In the introduction, the researcher asks the question: “Is the era of racial prejudice over? And over the chapters of her research trying to deny it. Since the stereotypes about black bodies that were legalized by medical and scientific authorities throughout the nineteenth and twentieth centuries, many of them are still entrenched in the consciousness of large sections of European peoples, and have even become entrenched in the consciousness of the colonial African peoples themselves. Indeed, Western medical practices are still - in part - captive to the superior view of African peoples. If the writer does not refer to this, it seems useful to refer to the story of the hepatitis C virus, which was mentioned in the study of the French researcher Guillaume Lachenal “When colonial medicine leaves traces”, [2] Which seems to be an example of this persistence: at the beginning of the 1990s, surveys were launched in forest areas in Central Africa to assess the spread of hepatitis C virus among the local population, which is transmitted mainly through blood or during blood transfusions or contaminated injections, and causes infection in a number of Many people develop chronic liver damage, often fatal.

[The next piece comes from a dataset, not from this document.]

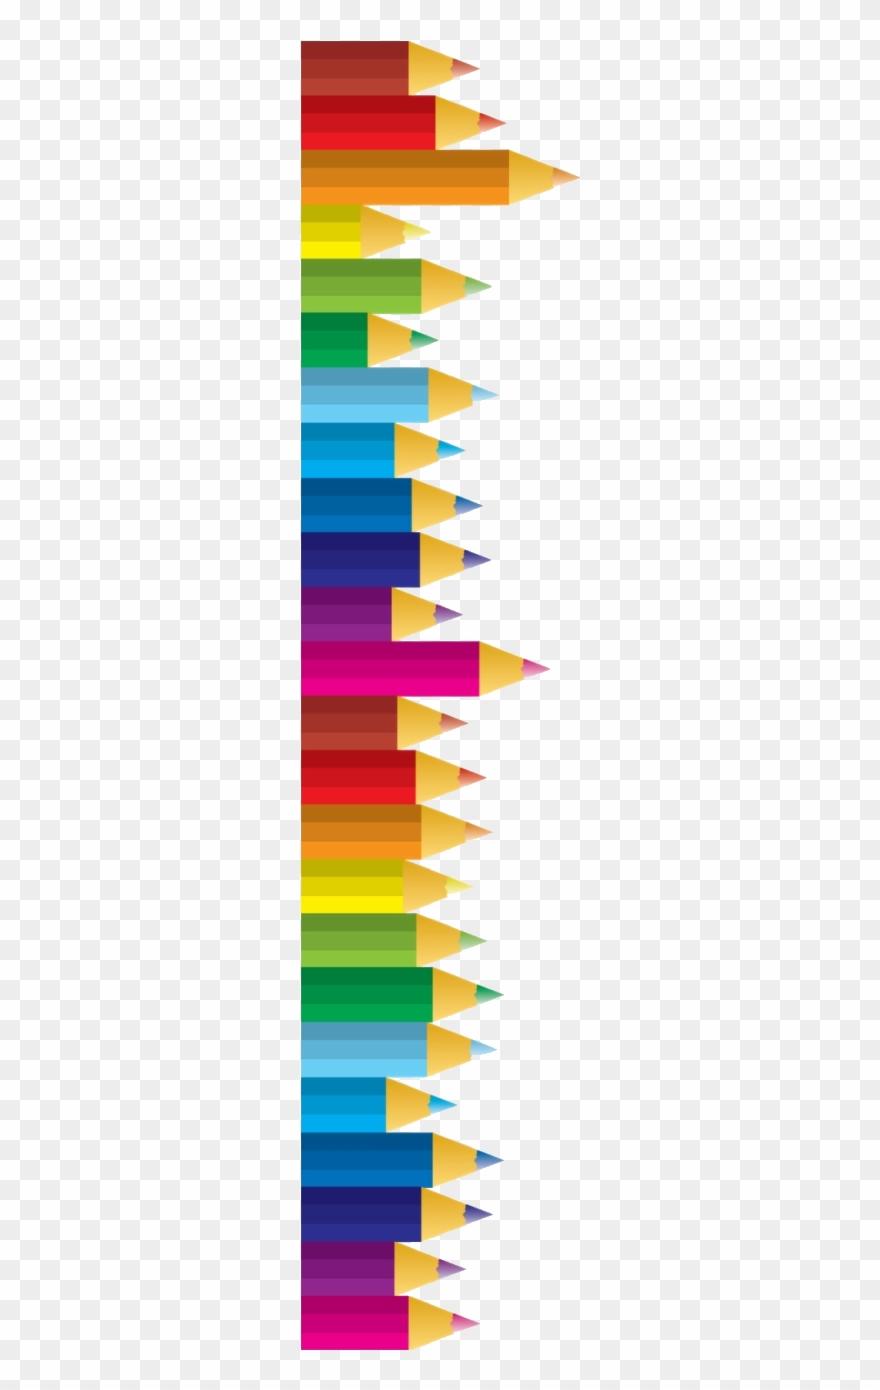 Pencil Colored Pencils Clipart Transparent Images Free - Pencil Border Clipart - Png Download

The results, which were shocking to virologists, show that viral hepatitis is largely present in these isolated and landlocked areas, where the elderly are particularly affected, and prevalence rates reach 60% in some villages.
Twenty years later, the mystery is coming to an end: research in Cameroon and the Central African Republic has shown that viral hepatitis was widely transmitted to the population through non-sterile injections during medical campaigns carried out during the colonial era. In other words, this epidemic reveals that colonial medicine, sometimes presented as a 'positive effect' of colonialism, was a catastrophe for the transmission of blood-borne pathogens. And so the hepatitis C epidemic appears, quite tragically, as a form of the "continuing curse" of colonialism, though it practically ended half a century or more ago, but it nevertheless continues in unseen forms.